Usually, I use a tiny little brush for big work, and then a really thin toothpick for smd stuff. You just put the unmelted flux on the soldering spot and then solder like normal. It'll smoke and stuff, but it helps get the solder on and in the joint. 
 Try google.com There are tons of tutorials and stuff about basic soldering and such. Good luck!


----------



## holland

I just use a tiny screwdriver (jeweler's type) and smear the amount I need on...hmm, Crisco seems to come to mind for some strange reason.


----------



## pinkfloyd4ever

ya use a toothpick and just apply a little bit to the solder joint. With experience you'll get the hang of how much you need. Dipping your iron straight in the paste doesn't work; it just burns up most of the flux almost instantly and barely gets any on the joint (not all that much of an issue if you're using Kester paste since a tub of that will literally last most of us a lifetime) but I'm guessing if you have Cardas flux paste you paid way more than ~$4 for it.


----------



## tomb

The easiest thing is to dip the end of the solder into the paste.
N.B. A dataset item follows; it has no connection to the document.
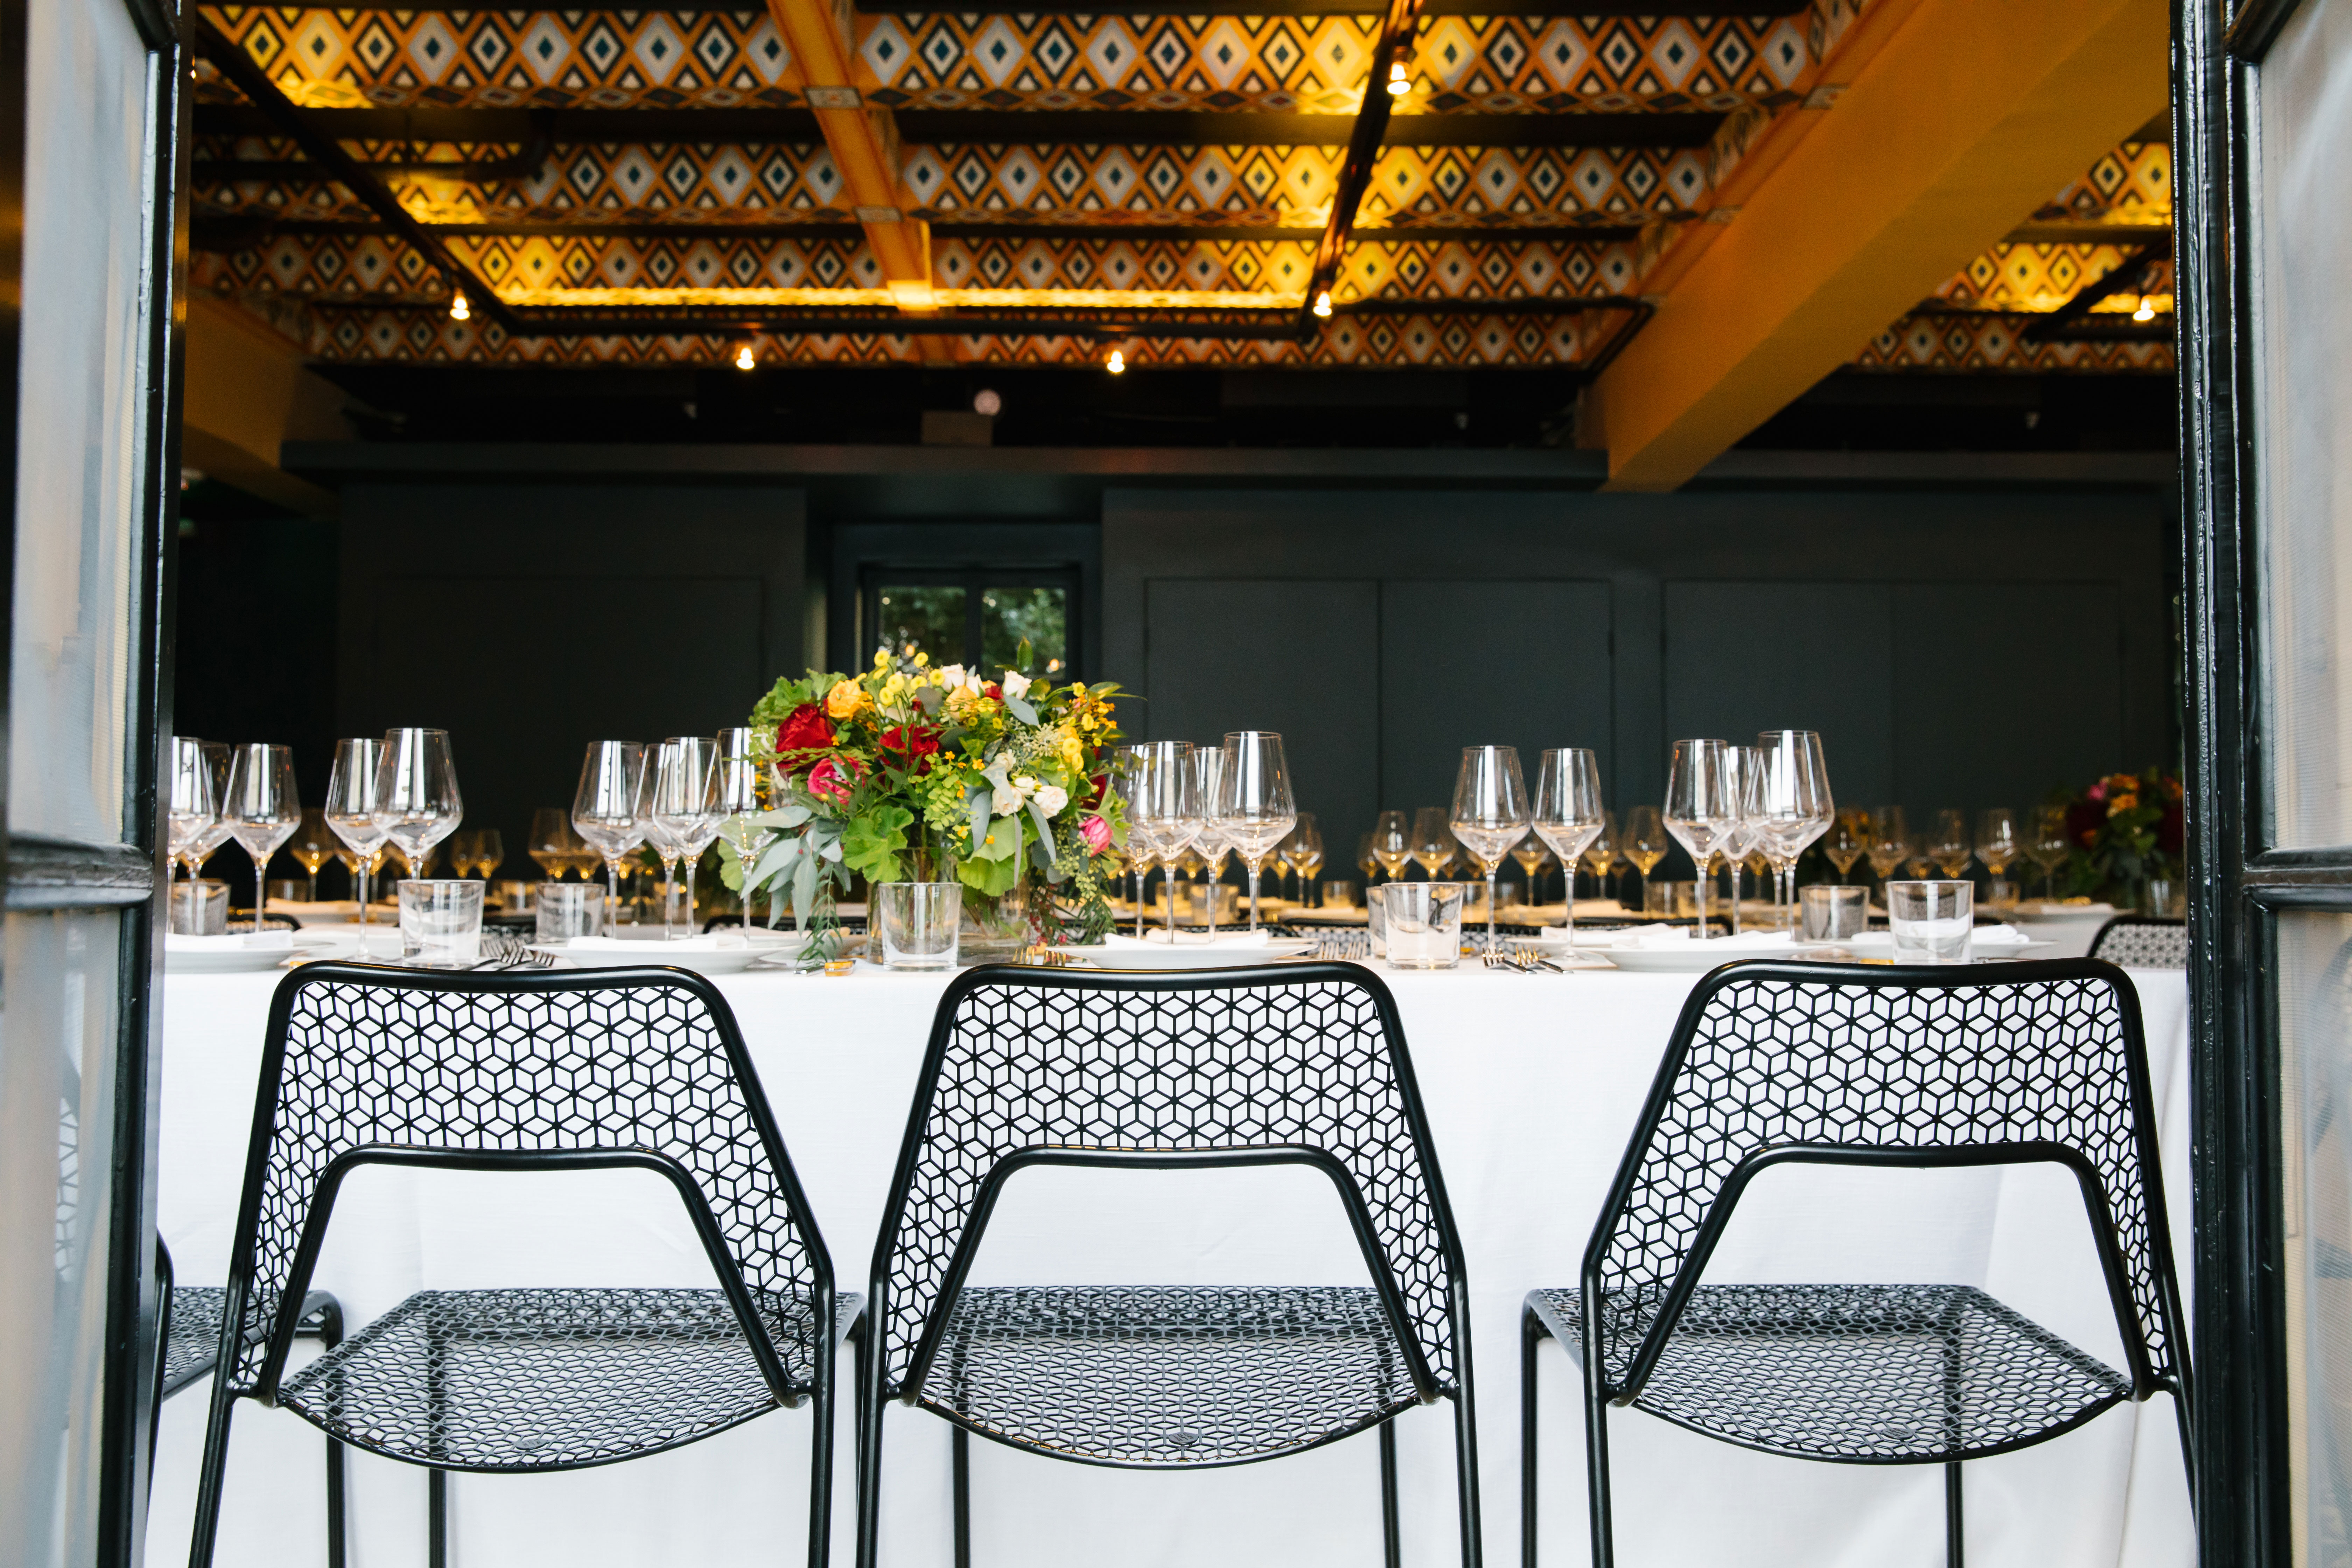 Table Settings and Three Chairs
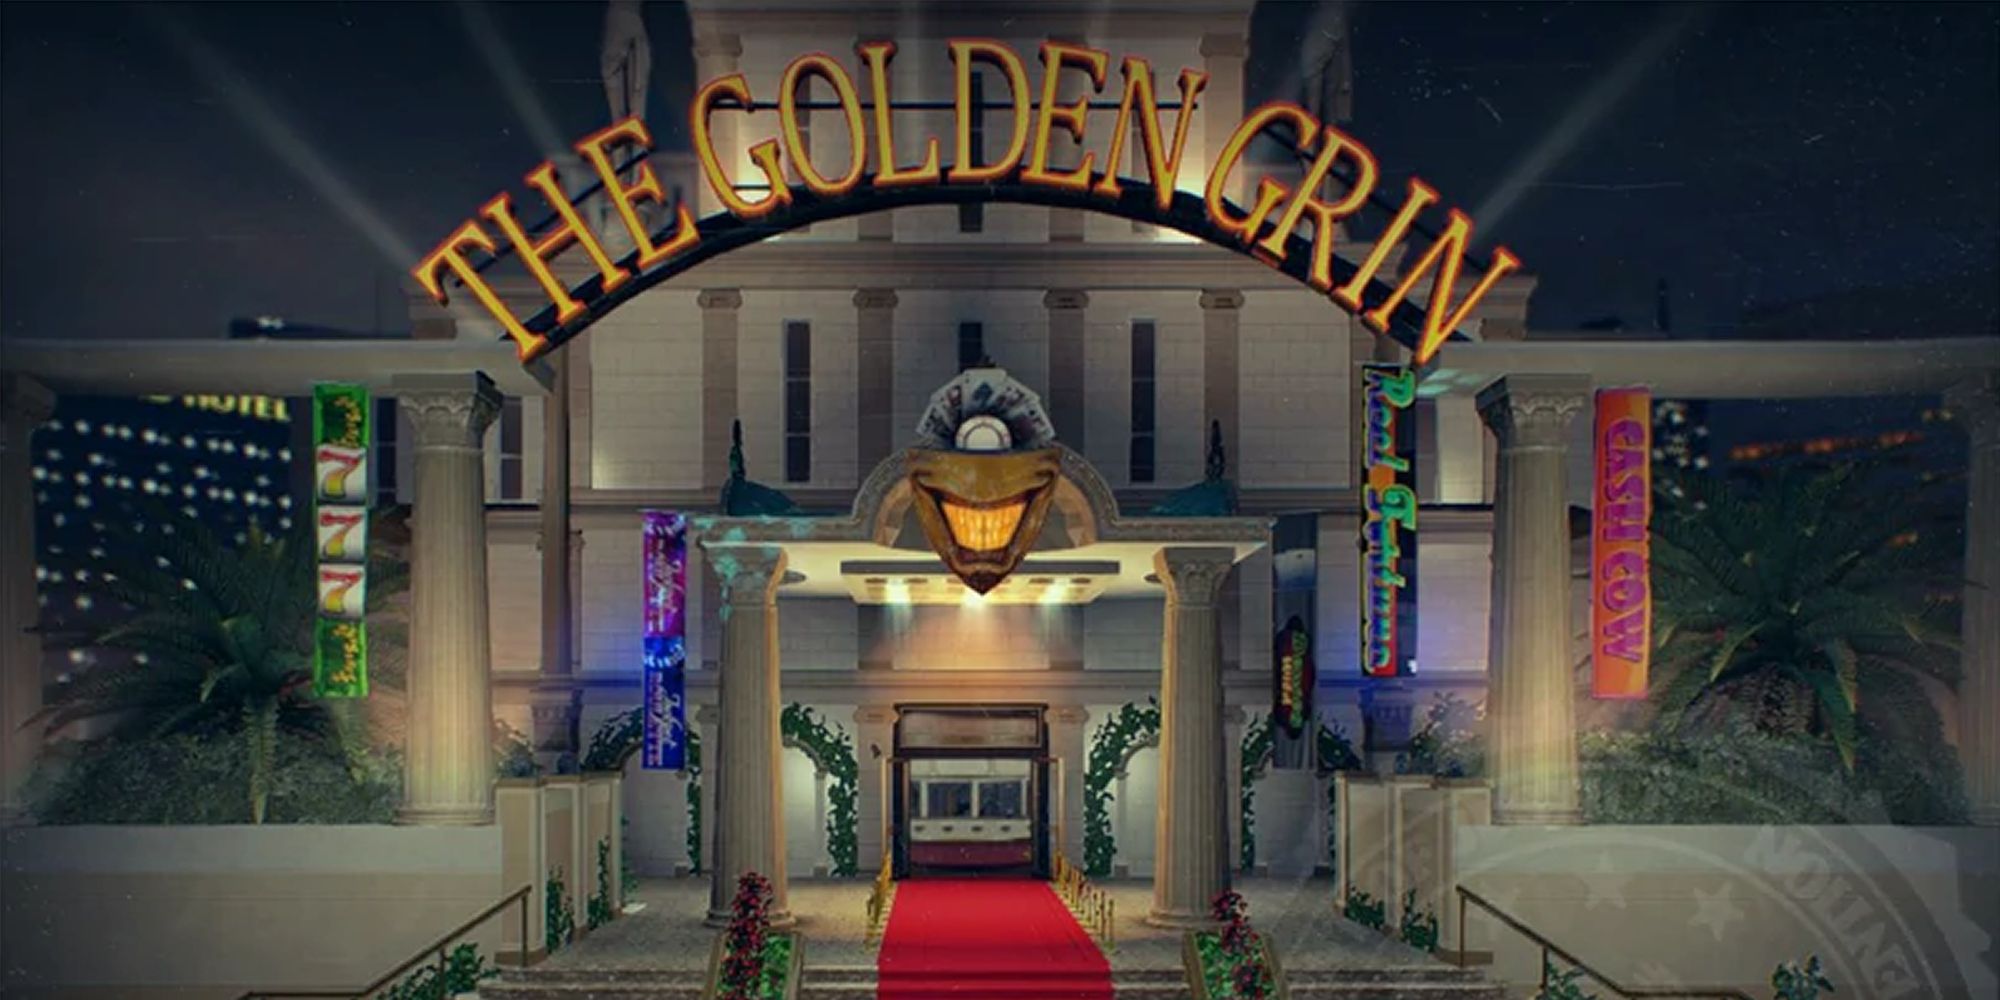 The Smiling Entrance To The Golden Grin Casino

These days, this rosin flux is pretty hard, though, so use your iron to melt a bit first or thin it a little with alcohol (haven't tried that myself).

 In the old days, the Kester flux was more or less the consistency of a thick potato chip dip and it made this easier. Dip, solder, dip, solder - that was SOP.

 Obviously, it puts the flux exactly where it needs to go with no wasted effort.


----------



## Seaside

As tomb said, some rosin flux is pretty hard. 

 Kester rosin flux I bought is hard like a candle wax. It is hard to work with and smells funny when it burns. So I put it back to my part bin, and going back to the cheap Homedepot flux, which is soft, good to work with. 

 I am not sure if it is erosive or not, but it is ok for me since I clean the board after soldering is done.


----------